Governor Robert Bentley signed Alabama’s 72-page measure June 9, calling it “the strongest immigration bill in the country.” Alabama became the fifth state to enact sanctions against undocumented workers, following Arizona, Utah, Indiana and Georgia, where a federal judge yesterday blocked part of the restrictions. Tuscaloosa is getting an early gauge of the law’s effects in its state.
Trail of Ruin
The tornado roared through Tuscaloosa, killing 43 and leaving a path of rubble and ruin three-quarters of a mile wide and six miles (9.6 kilometers) long. The law, which takes effect in September, threatens to unleash its own havoc.
“Hispanics, documented and undocumented, dominate anything to do with masonry, concrete, framing, roofing, and landscaping,” said Bob McNelly, a contractor with Nash-McCraw Properties, during an interview at a coffee shop near a destroyed gas station and bank. “There are very few subcontractors I work with that don’t have a Hispanic workforce.”
The city of 90,000 imposed a moratorium on major reconstruction that ends Aug. 8 to enable it to plan its remaking.
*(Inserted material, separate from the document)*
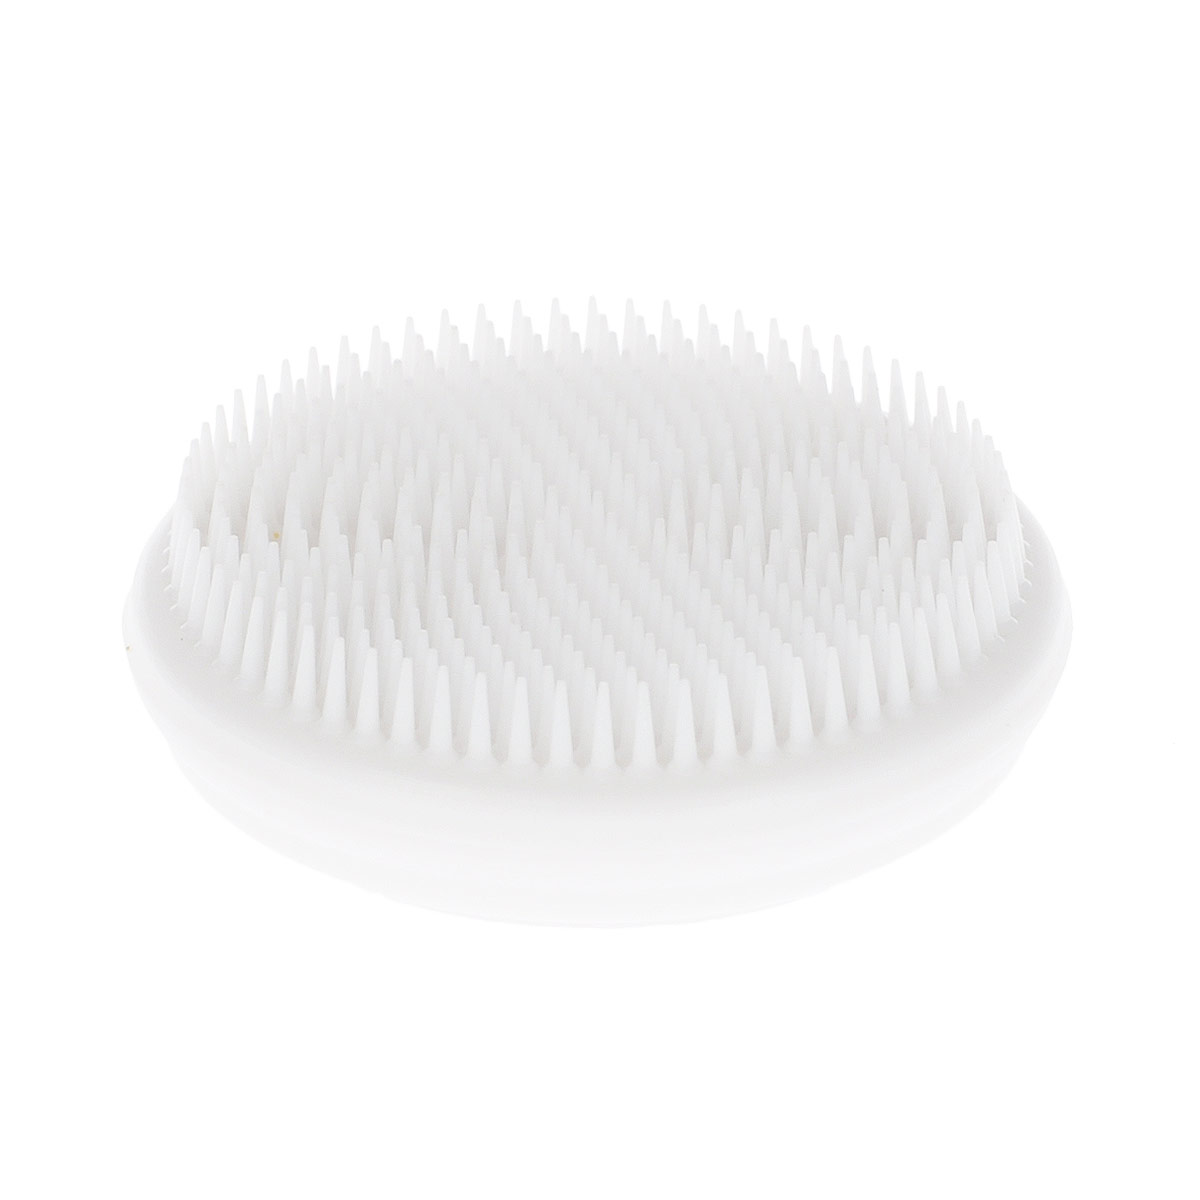 TouchbeautyЗапасная щетка к приборам для очищения кожи при умывании AC-07593 Touchbeauty

The rebuilding, McNelly said, will be harder and more expensive without them:
“It’s not the pay rate. It’s the fact that they work harder than anyone. It’s the work ethic.”
High and Dry
Gary Phillips, a former Tuscaloosa City Council member and president of a contracting firm, Premier Service Company Inc., also said he foresees pain for businesses.
“What happens to that large, multistory building going up at that time and the Sheetrocker is halfway through his thing and the job is stopped?” Phillips said in an interview at his lawyer’s office. “All of ‘em are gone. They’re under contract and what are they going to do?”
What they will do is pay higher wages to other workers, if they find any with the experience and skills, he said.
Undocumented workers are weighing the risks. Lorenzo Posado, 28, said he’s torn about leaving, changing his mind twice in one telephone interview.
“My boys are born here,” he said. “I like Tuscaloosa. A big part of my life is Tuscaloosa. What I’m seeing happening is that they put a bad law through the state. It doesn’t make any sense.”
Some contractors say a labor shortage is unnecessary.
“There are plenty of people capable of working, if they’d just get off their butts and do it,” said Rich Cooper, a contractor with Bell Construction, in a telephone interview.
Back to Work
The new law will help employ Alabamians, one of its sponsors, state Senator Scott Beason, a Republican from Gardendale, said at the June 9 signing.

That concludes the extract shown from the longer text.